▶ INFORMATION SHOWN:
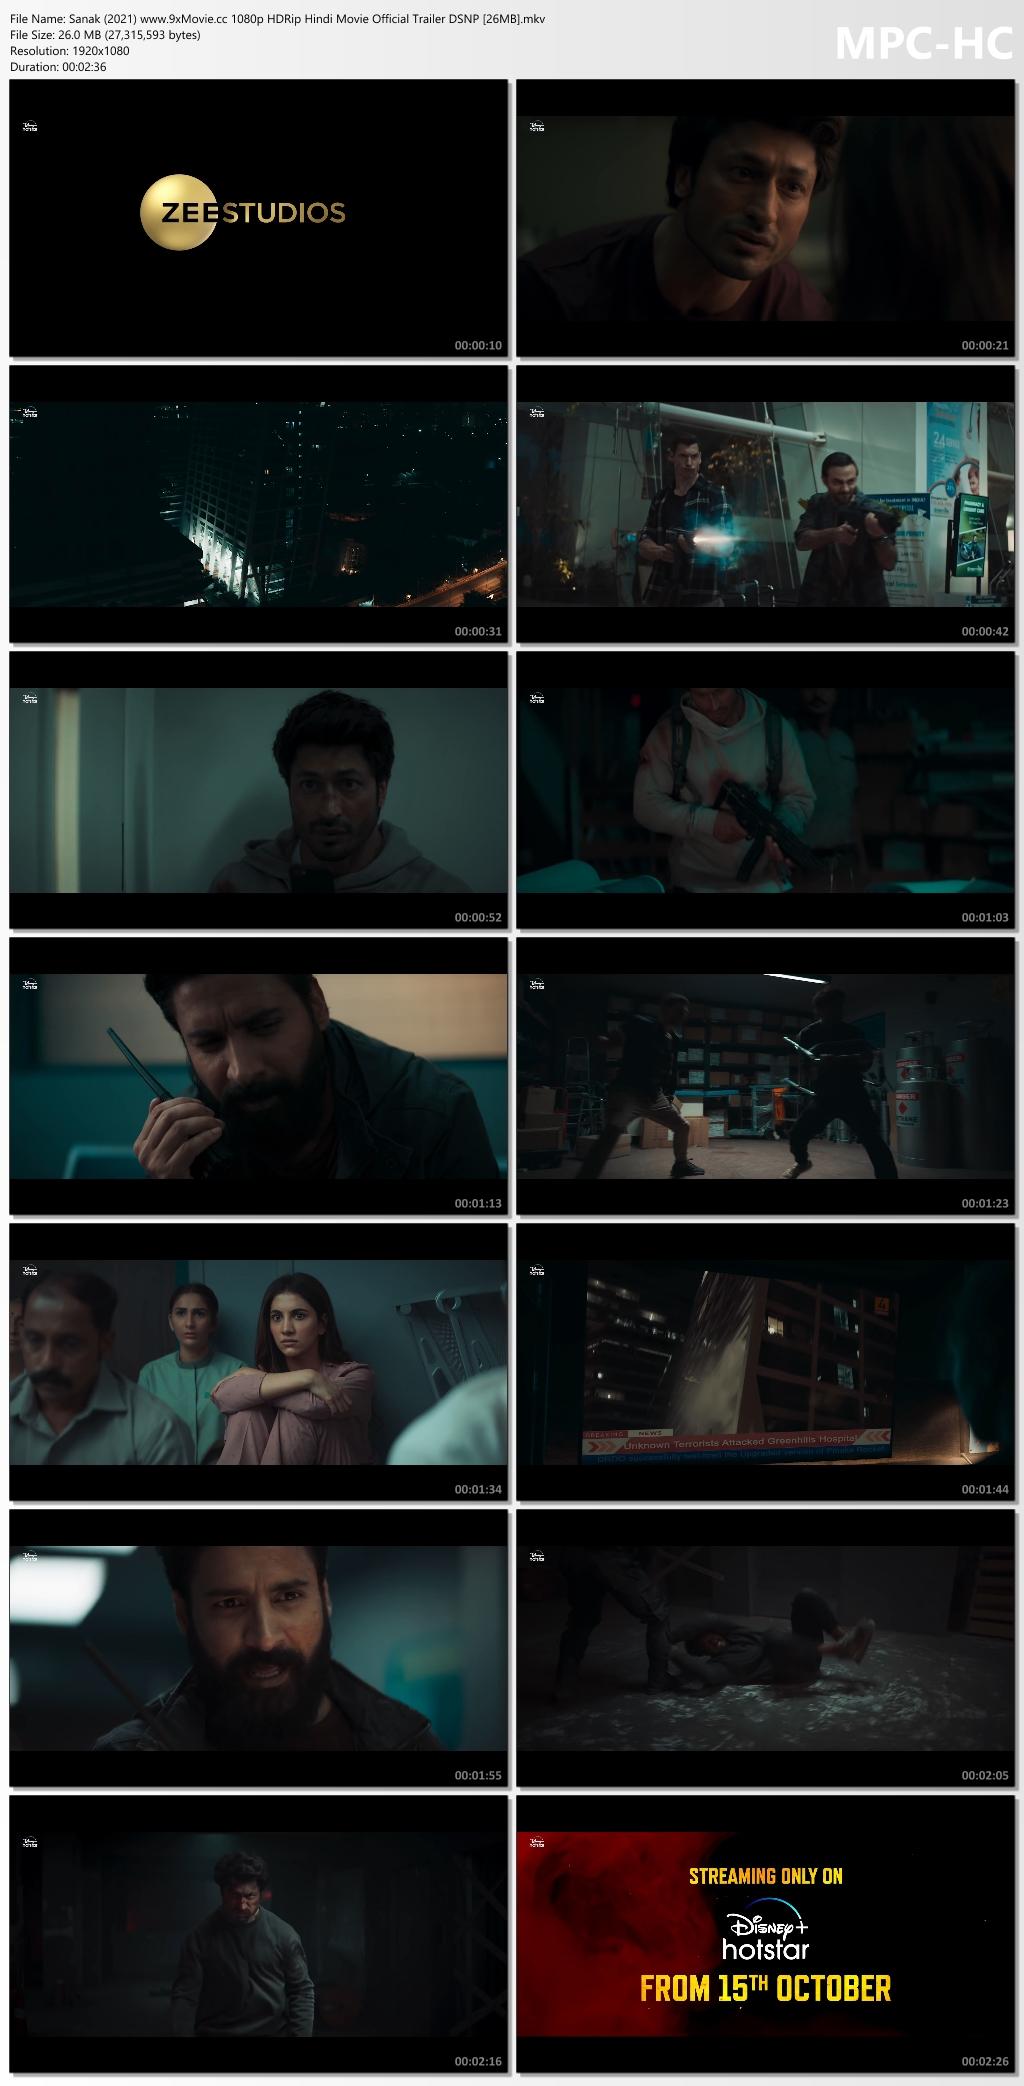 Sanak-2021-www-9x-Movie-cc-1080p-HDRip-Hindi-Movie-Official-Trailer-DSNP-26-MB-mkv
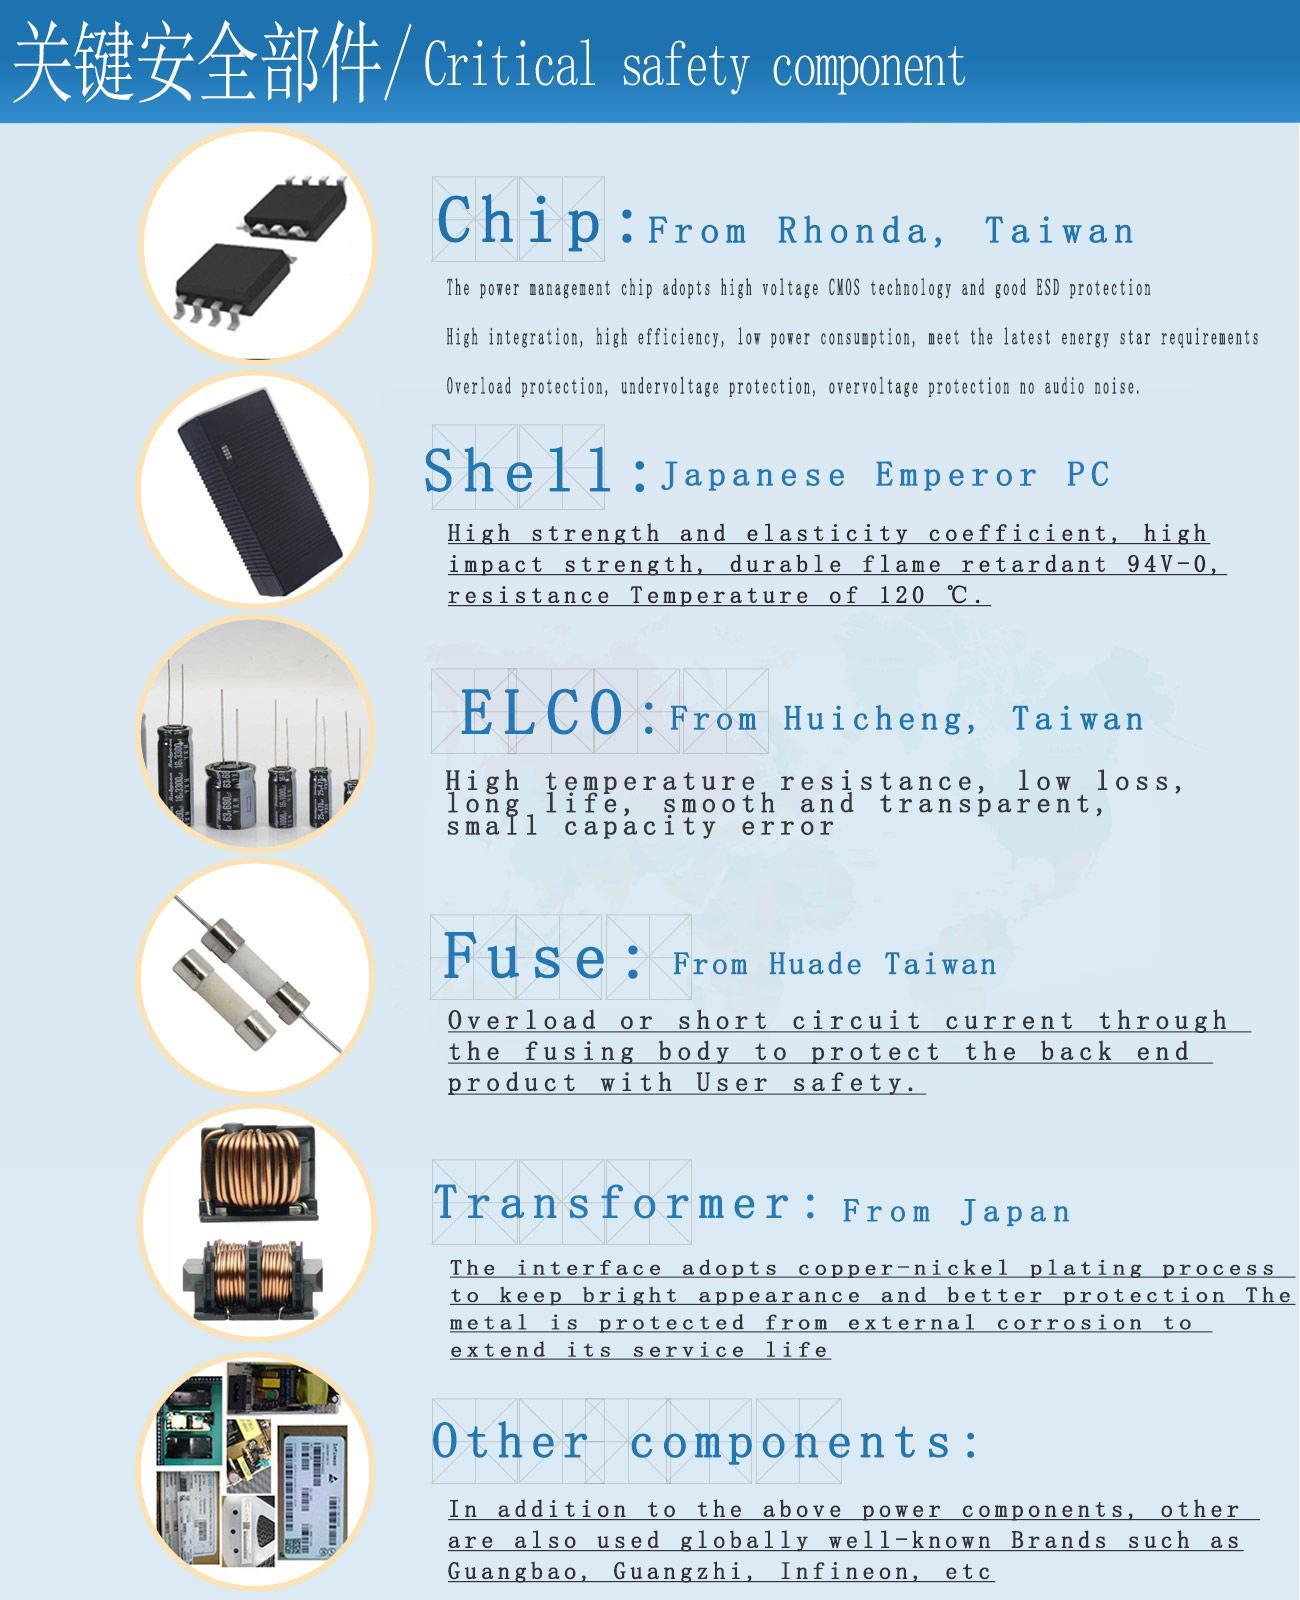 16.8V10A鋰電池充電器 UL GS PSE認証4串鋰電池組充電器 5
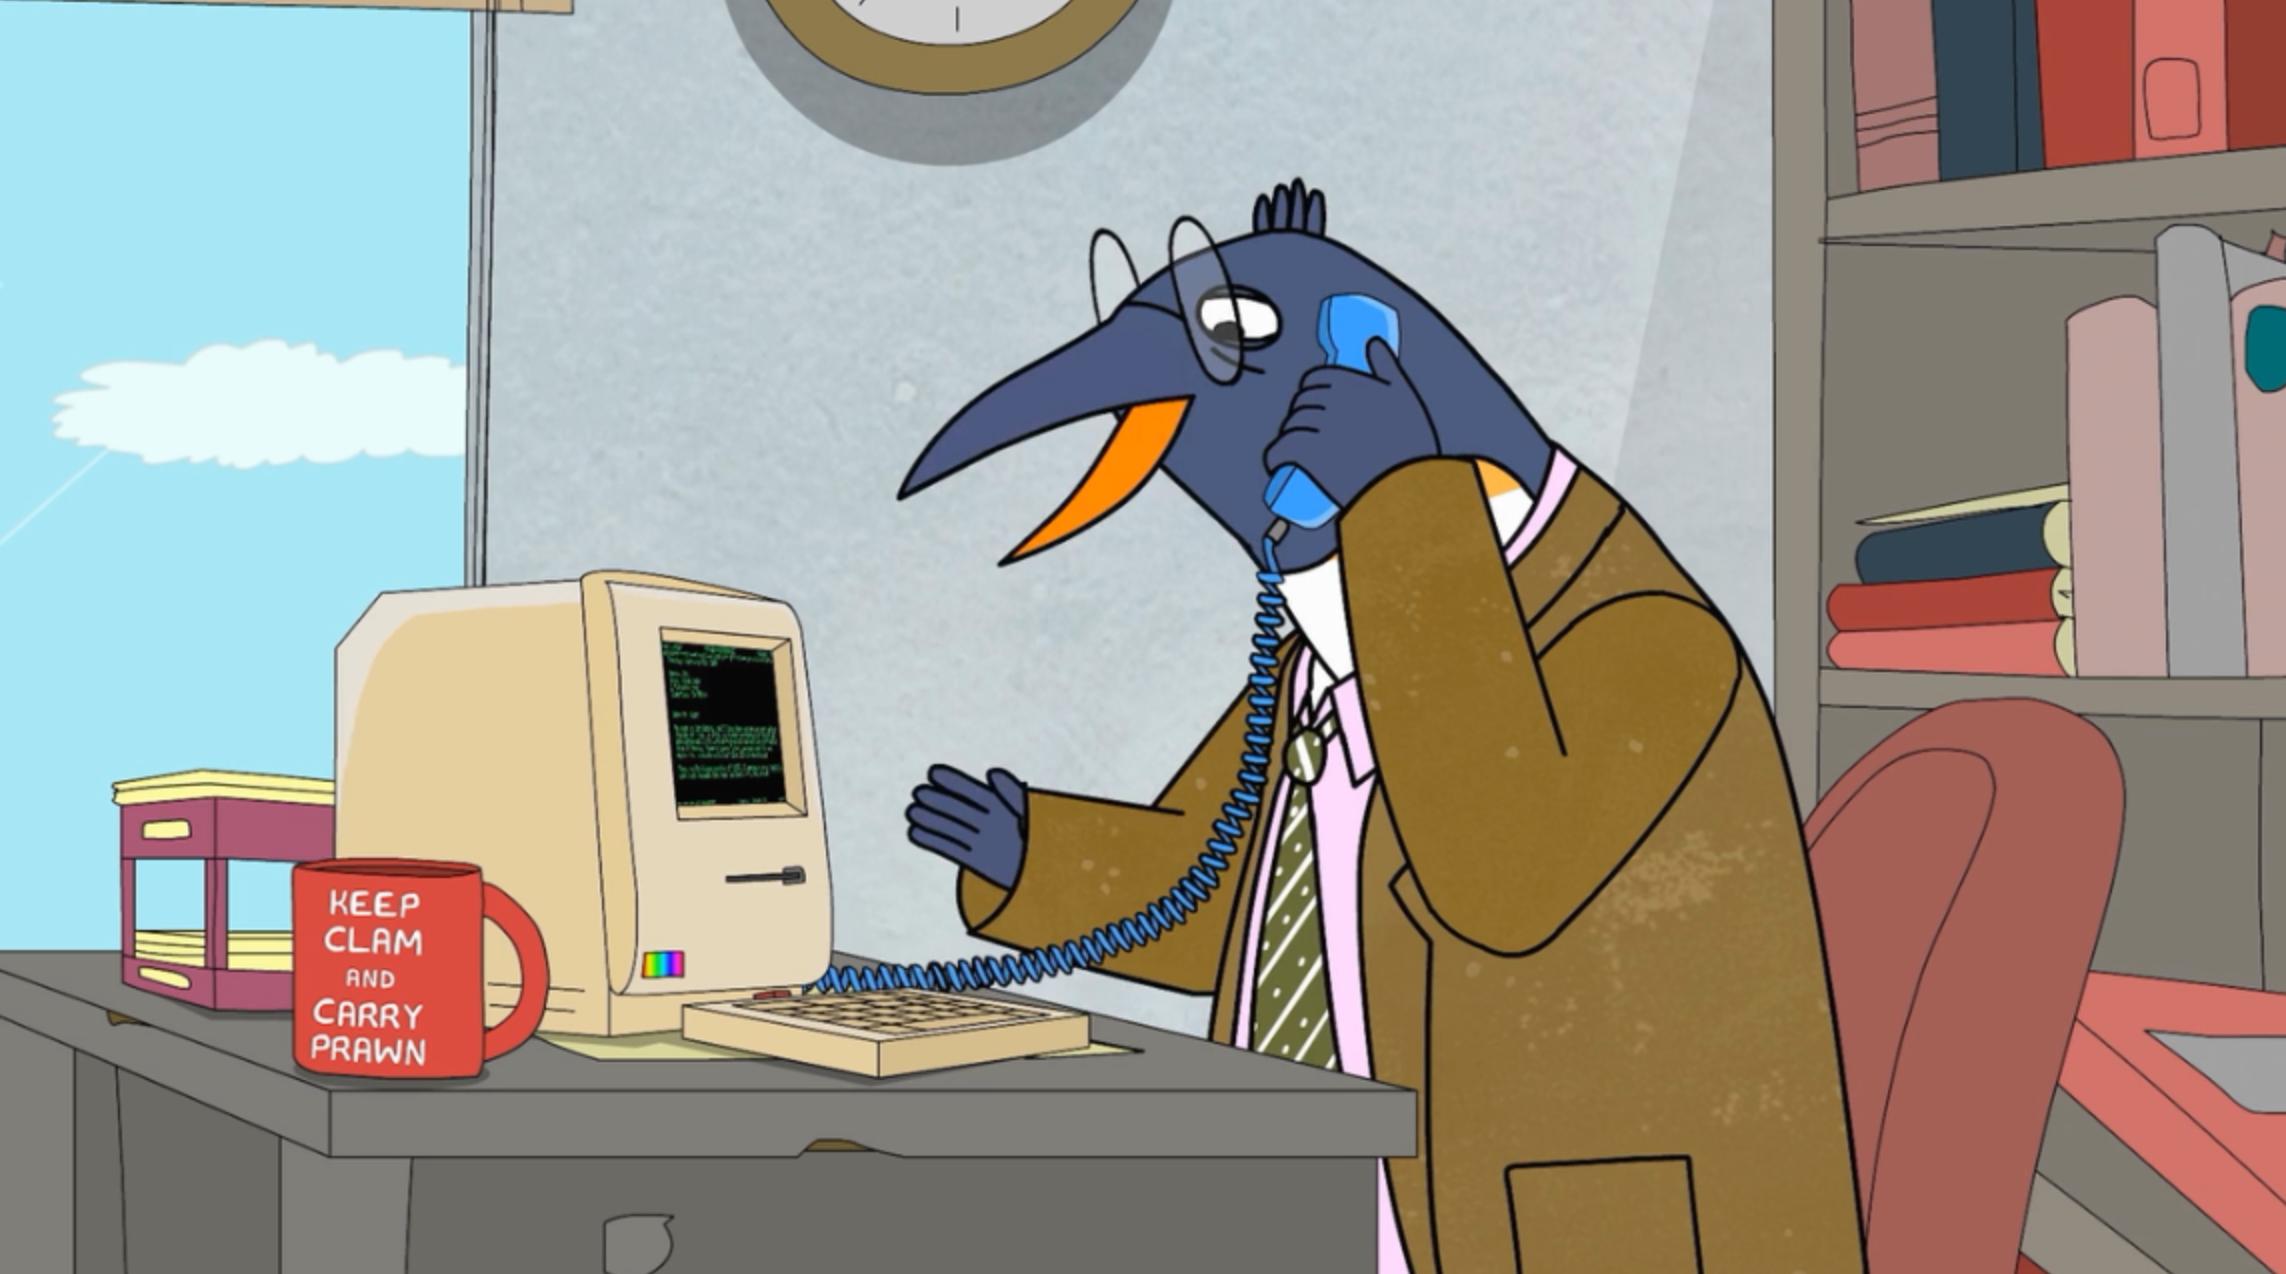 wait a minute larry i forgot my aol password
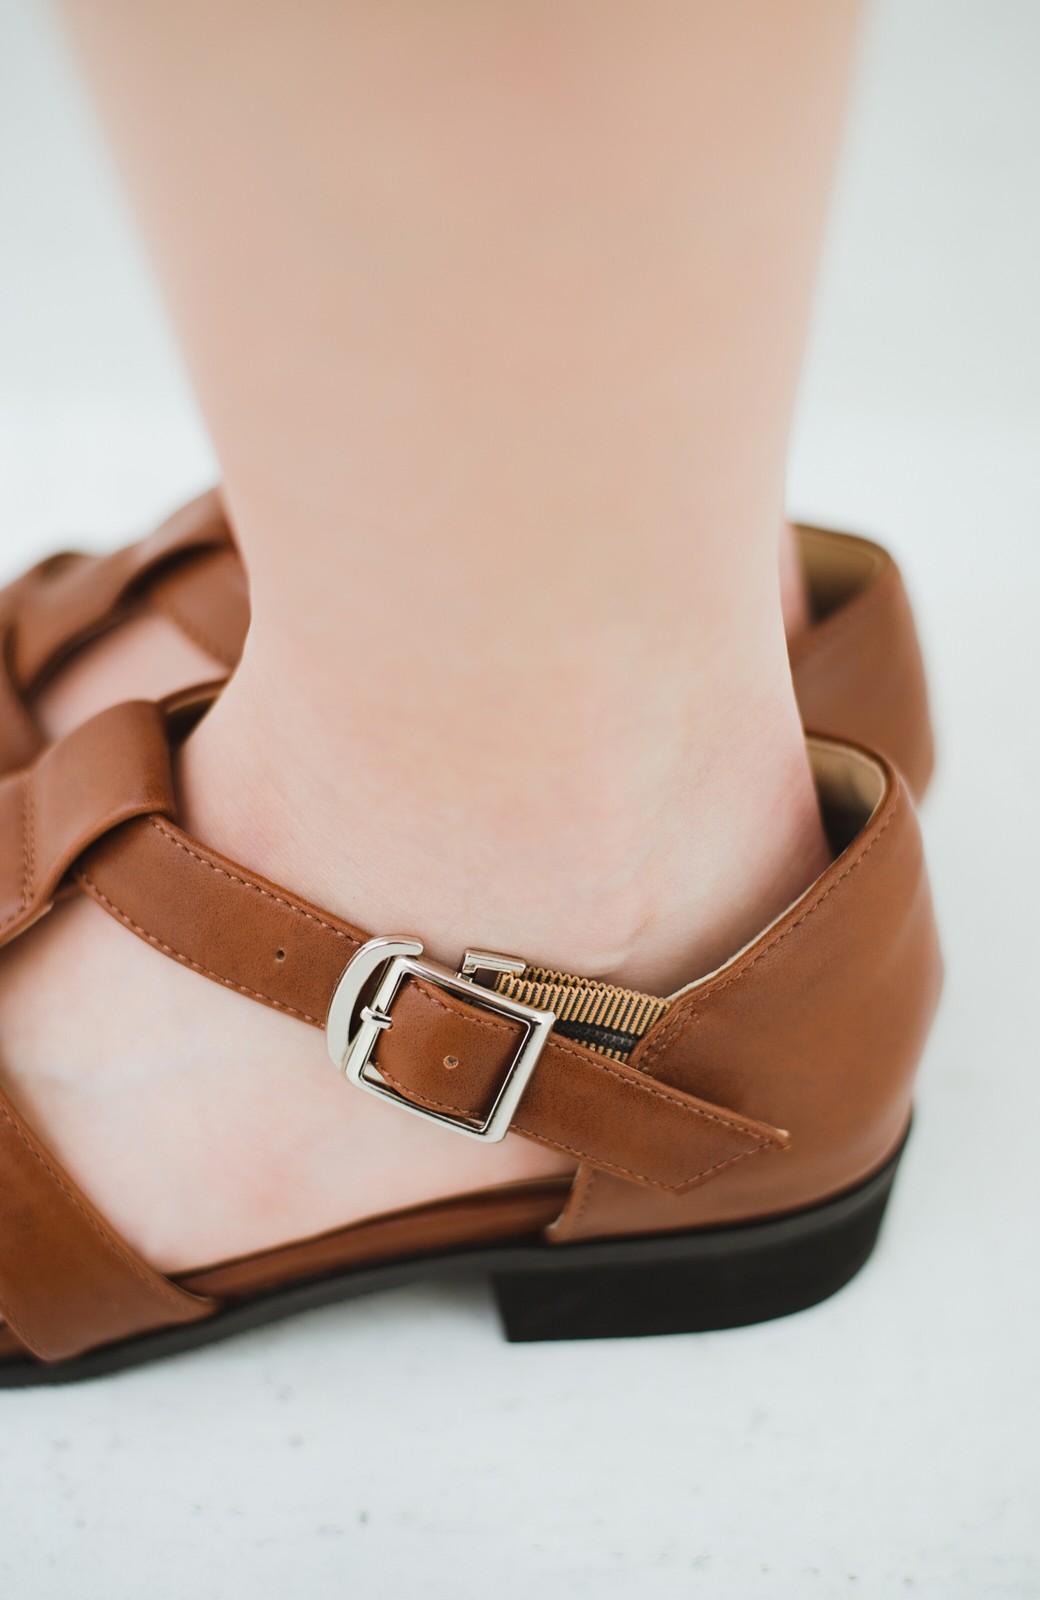 haco! 靴下でも素足でも合う 本革風編み込みサンダル <ブラウン>の商品写真6

▶ WORK TO BE COMPLETED:
The lines needed are those from the one containing "wait a minute larry i forgot my aol password" through the end of the listing, given again word for word and without any picture.

▶ RESULT:
 wait a minute larry i forgot my aol password
 haco! 靴下でも素足でも合う 本革風編み込みサンダル <ブラウン>の商品写真6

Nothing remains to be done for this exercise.